He stretched out his arms, and, in the agony
of desperation, was about to leap into the sea, when his frantic wife, casting aside her screeching children, flung herself upon his bosom, and so restrained him. No sigh, no tear relieved him; but his bosom heaved convulsively; and the muscles and sinews became rigid, as if horror had absolutely taken away the power of thought, or motion. The wife was more violent. With the most fearful cries she flung herself at the captain's feet and embracing his knees, begged for mercy. Then successively she embraced her weeping children; and at last, sank exhausted into the arms of her husband. It was all in vain. They were chained, and ordered below; where the sight of hundreds of wretches, stolen, wronged, wretched as themselves, only showed them that they were lost forever.
No tongue can depict the horrors of that passage. No imagination can form even a faint outline of its sufferings. Physical torture wrought its work. Humanity was crushed within them; and they were presented for sale, more than half brutalized for the brutal market. Few minds ever rise from this state, to any thing of their former rigor. The ancestor
of Elleanor had one of these few; and though his pride was crushed, and his hopes forever extinguished, still he felt, and acted as a man.
But little more than the foregoing particulars is known to the subject of this narrative, concerning her ancestor, save that his African name was Dick; and that he had four children; one daughter Phillis; and three sons; Dick, George, and Robin; of whom the latter was her father.
At the commencement of the American Revolution, Robin Eldridge, with his two brothers, presented themselves as candidates for liberty. They were promised their freedom, with the additional premium of 200 acres of land in the Mohawk country, apiece.
These slaves fought as bravely, and served as faithfully, under the banner of Freedom, as if they had always breathed her atmosphere, and dwelt forever in her temple; as if the collar had never bowed down their free heads, nor the chain oppressed their strong limbs.
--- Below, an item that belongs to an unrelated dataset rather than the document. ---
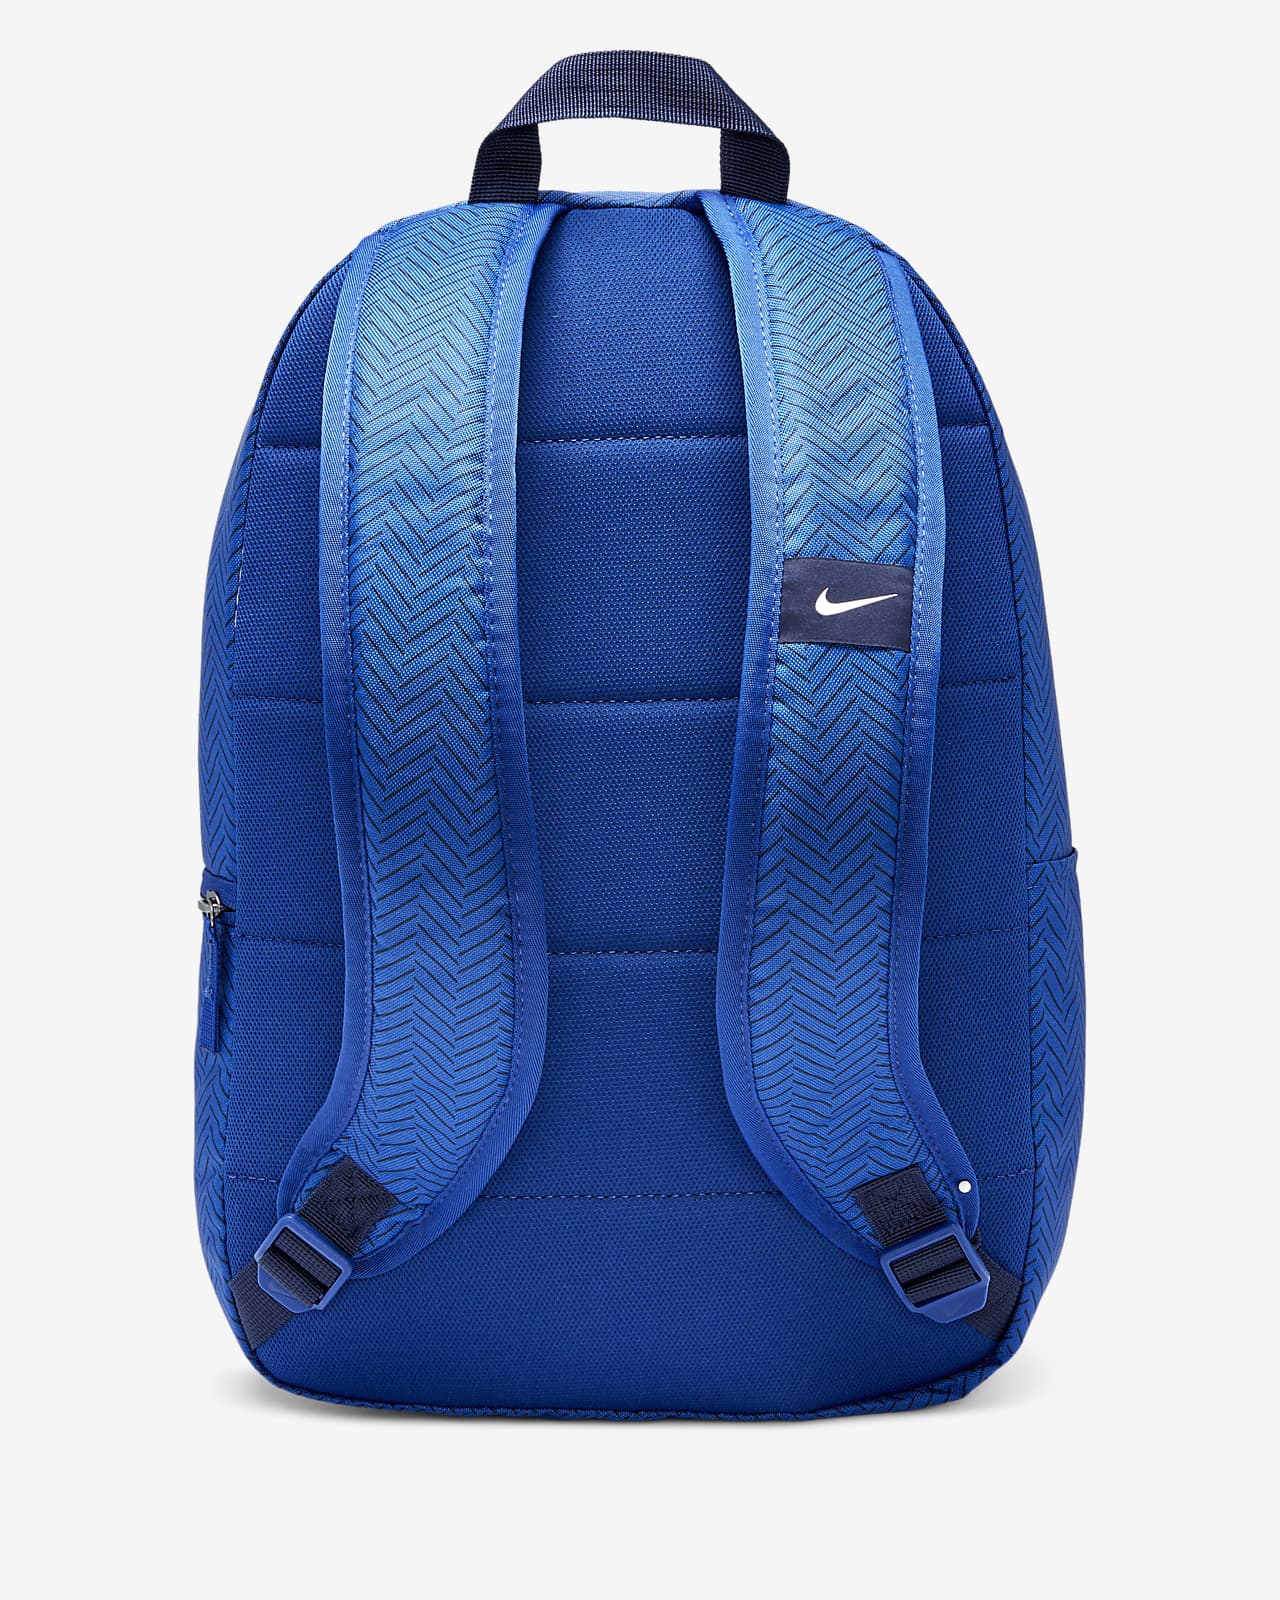 nike football backpack
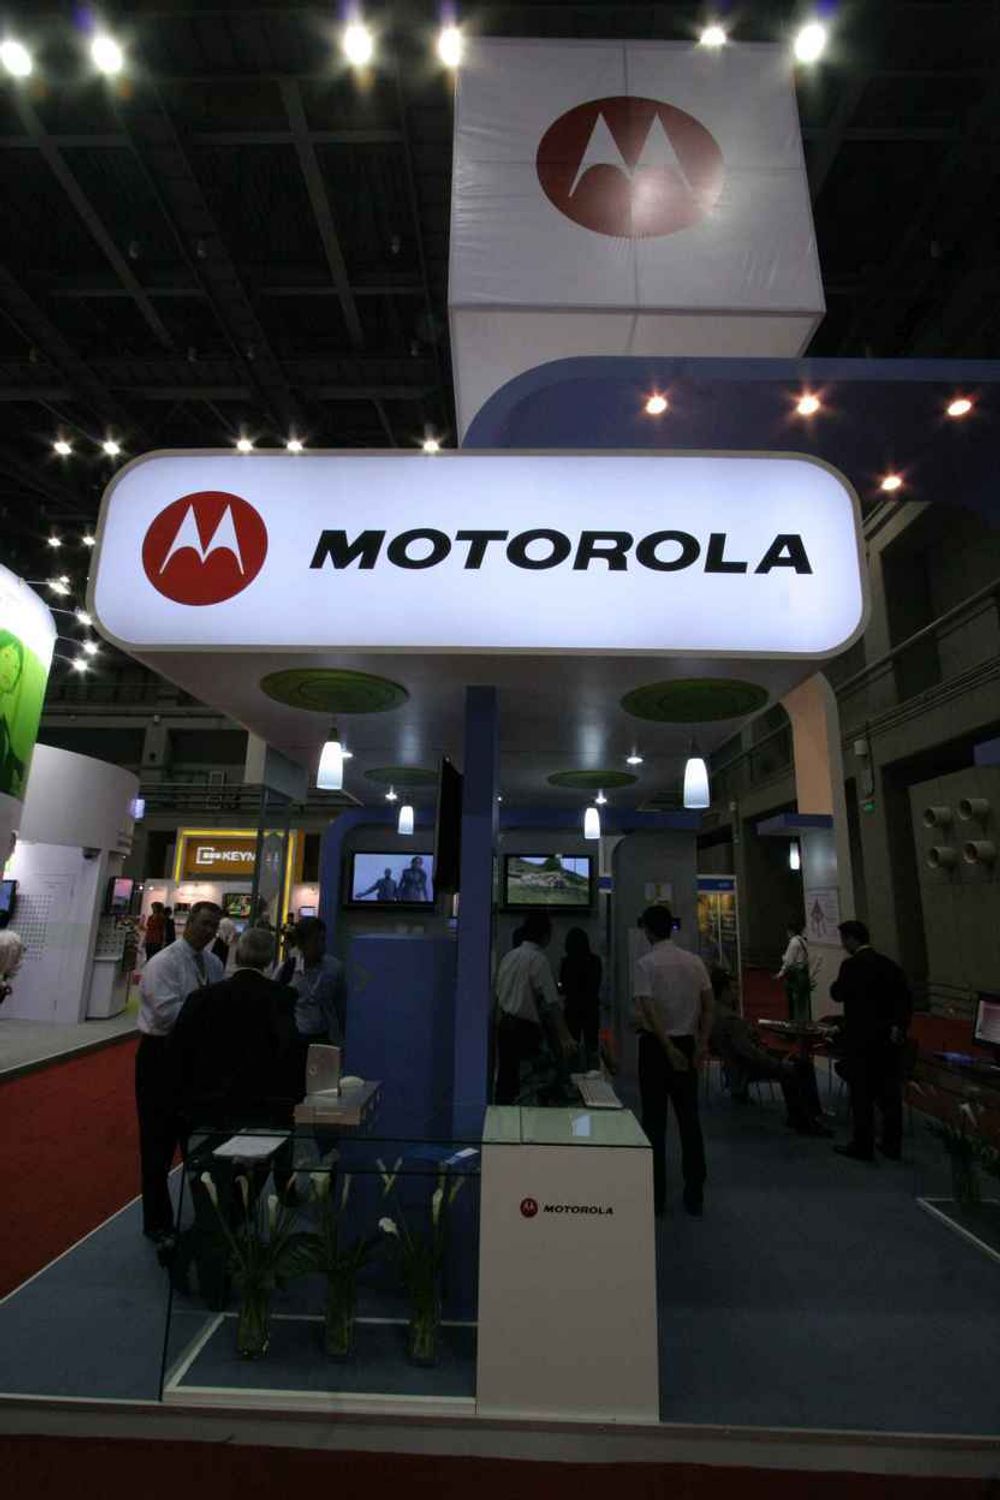 STØRST PÅ MOBIL I KINA: Amerikanske Motorola er den produsenten som selger mest mobiltelefoner i Kina som er et gigantmarked. Nå vil de prøve å gjenta suksessen også på bredbånd, men det spørs om ikke deres løsninger er for dyre og kompliserte for kinesere flest.

What were toils, privations, distresses, dangers? Did they not already see the morning star of FREEDOM, glimmering in the east? Were they not
soon to exhibit one of the most glorious changes in nature? Were they not soon to start up from the rank of goods and chattels, into MEN? Would they not soon burst from the grovelling crysalis; and, spreading out the wings of the soul, go abroad in the glad sun-shine, inhaling the pure air of liberty?
Oh, LIBERTY! what power dwells in the softest whisper of thy syllables, acting like magic upon the human soul! He who first woke thy slumbering echoes, was a magician more potent than ever dwelt in the halls of genii; for he had learned a spell that should rouse a principle of the soul, to whose voice, throughout the wide earth, every human spirit should respond; until its power should be coextensive with the habitations of mind, and coeternal with its existence.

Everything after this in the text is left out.